The story turned more bizarre when Mitch Cozad, a transfer student from Wyoming whom Mendoza had beaten out for the starting punting position, was charged with the crime.

Going for the bizarre trifecta, the man who prosecuted the case, Weld County District Attorney Ken Buck, 48, was himself a former college punter with Princeton University.

“It was fun to deal with a case that has a subject matter I’m comfortable with,” Buck says. “Other than that, it’s a stabbing case. There are a hundred stabbing cases.”

The case reverberated through local and national media—how could it not?—but to Buck it underlined a theme he’s seen as a public prosecutor: individuals resorting to violence when the going gets rough.

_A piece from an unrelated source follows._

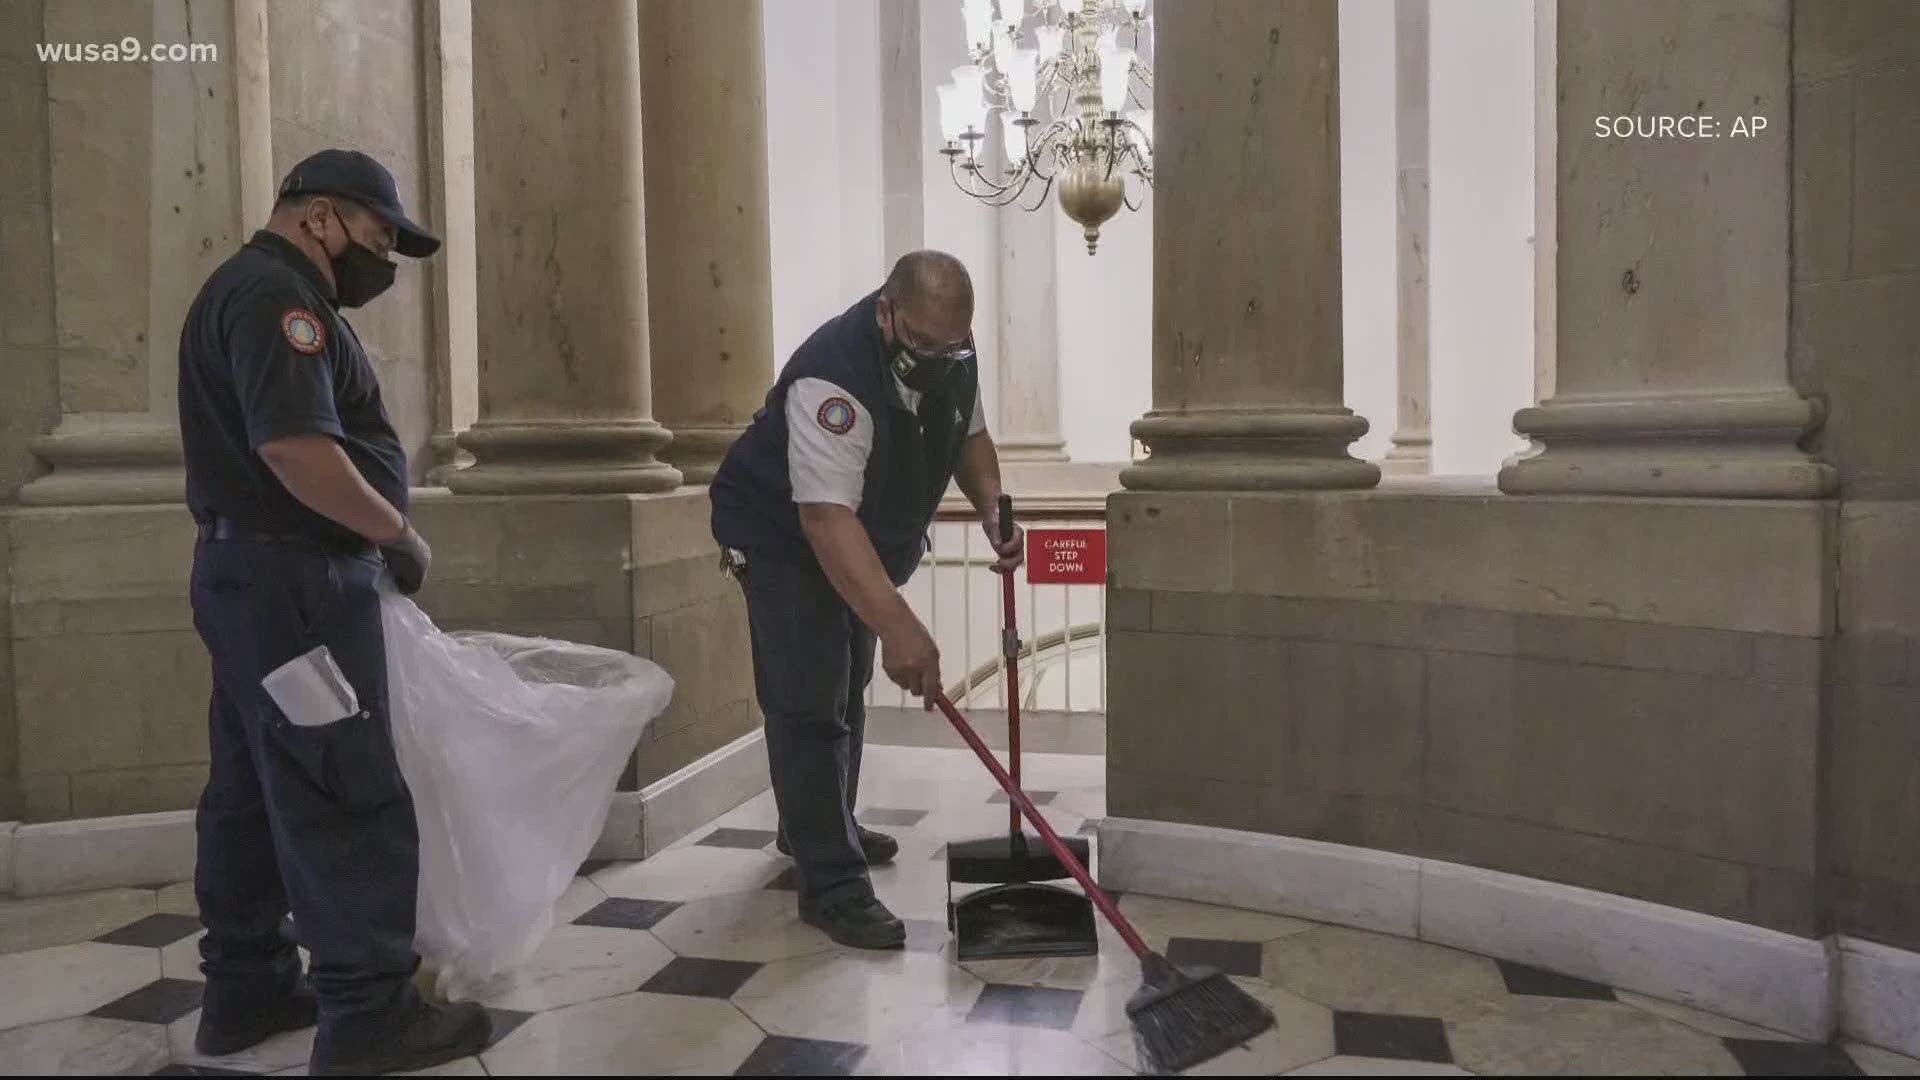 A day after domestic terrorists rushed onto the grounds of the US Capitol, crews fixed broken windows and cleaned floors littered with debris on Thursday.
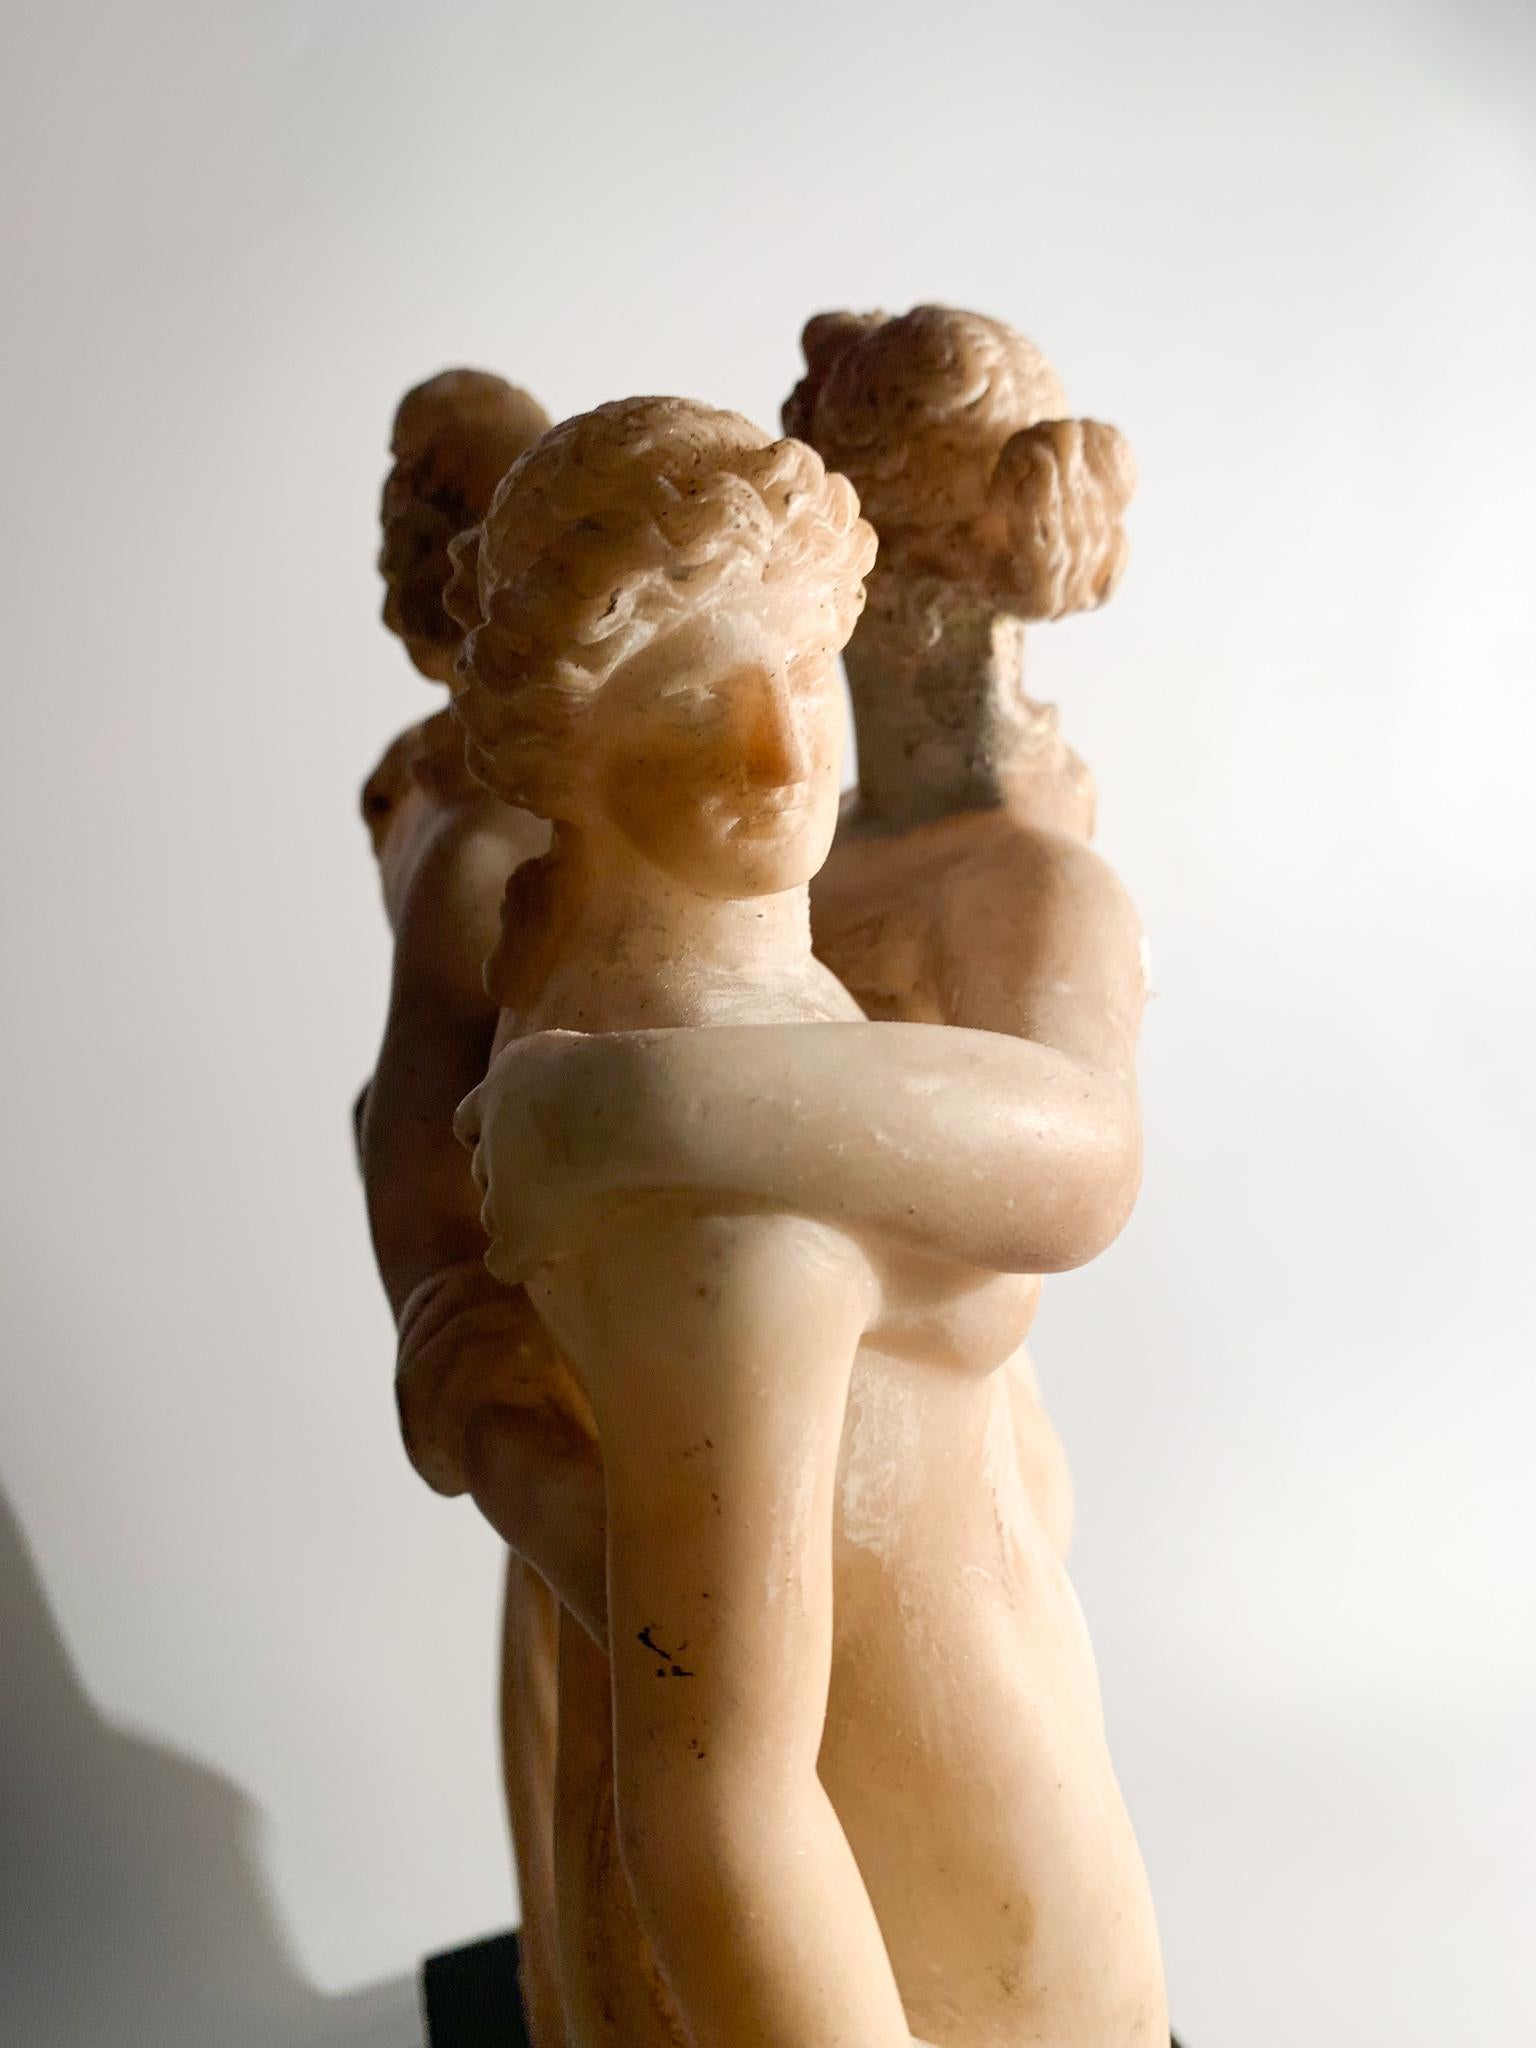 Mid-20th Century Italian Marble Sculpture of the Three Graces from the 1940s

“There are messed-up people in all walks of life,” Buck says. “If a banker had stabbed another banker it probably wouldn’t have made the front page, [but] the fact that we have a messed-up kid on a football team doesn’t surprise me. … I think there are a lot of people who will resort to violence in a lot of different settings.”

That’s why an important part of Buck’s mission as district attorney is crime prevention. The symptoms of criminal behavior, he says, start early in life.

“We’re looking at trying to deal with truancy because it’s such a predictor,” he says.

In this regard, Buck created the Truancy Diversion Program, which works with parents and students to identify the root causes of truancy and how to resolve them. He also pushed for development of the Juvenile Assessment Center (JAC), which serves as a coordinated multiagency site that works to prevent, intervene and comprehensively assess struggling youth.

According to Buck, 254 out of 264 juveniles who have gone through the Juvenile Diversion Program, also created under Buck, have yet to reoffend since completing the program.

Buck works hard at home to make sure his kids get the right messages. He coached both his kids’ sports teams. His son, Cody, 19, is now a linebacker at West Point. His daughter, Kaitlin, 16, is a soccer player and hopes to play in college. With the sports world in upheaval over steroid and illegal drug use, Buck says he wants his kids to learn the positive lessons that sports offer.

Cozad was eventually convicted on a second-degree assault charge and received a seven-year prison sentence—shorter than Buck wanted. But, he says, “the judge has a role to play in the justice system, which is a different role than the prosecutor. I respect his opinion.”